Frog Eyes - "A Flower in a Glove"
Beginning with legs, jeans, socks, shoes, polish and a ring. Desdemona drinking a glass of milk, still drinks milk, an unbreakable habit for peanut butter toast. A distant family, father in sales (distant, travelling), brothers (one into piano, insular, one a chessmaster, hesitant) mother in jail (innocent-ish).
A fictional daughter asks her a question in the shower and she giggles in response, "It's sex, but you're too young, I'll tell you later". On the bus, she's in another life, tilling fields and working her hands hard and tough and big-breasted raising a freckly family and happily eating a potato a day and maybe some carrots. A hard life looks like fun from the window of a bus, she smirks, twirling her hair between her fingers, on the way to the hospital.

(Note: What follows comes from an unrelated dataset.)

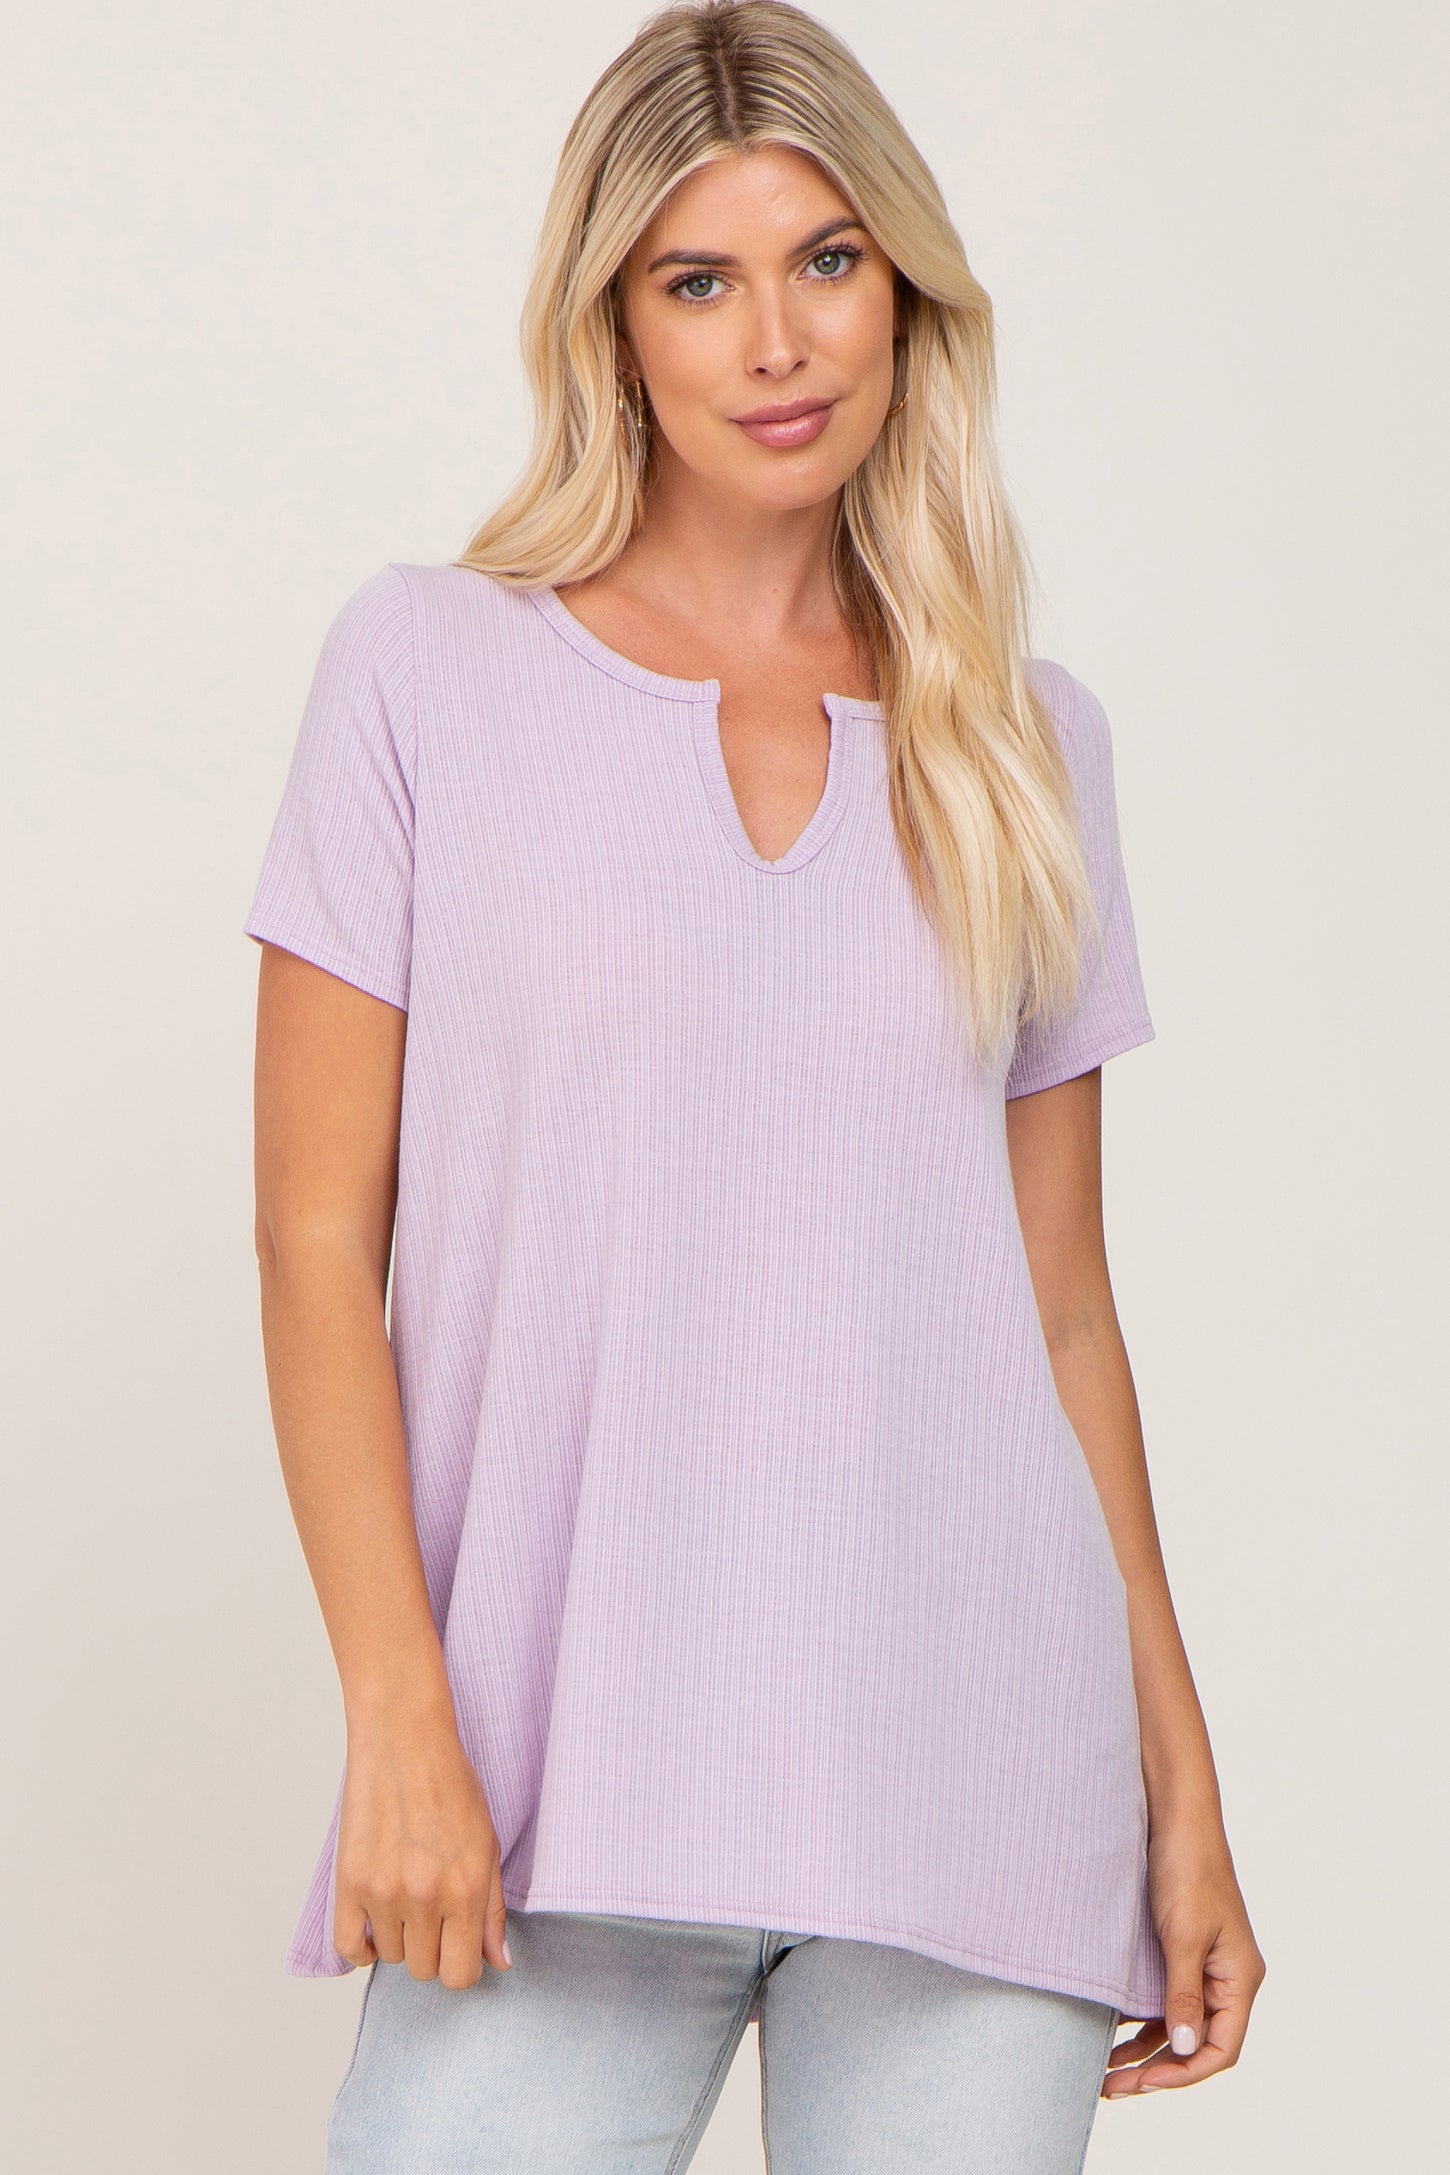 Lavender Ribbed Short Sleeve Maternity Top

In the spilled water, in the splash of the mop, she hears ocean life and ocean warmth, slapping waves that curl like God breathes water. In the squint of a smoke break, these days begin to feel like thin threads, all delicate and breakable on their own, but add up to something large, some huge work, some final majesty. Possibly a pile of nice threads, checking the schedule for the weekend, working nights. Arguing with a thin aggressive man about visiting hours, she smiles warmly, almost laughing, "I sound like quite the dictator, don't I?" and he leaves without a scene.
Desdemona washes her hands, wipes them on a towel, and thinks of the polish on her toes, it's wine and perhaps tonight she'll have some wine.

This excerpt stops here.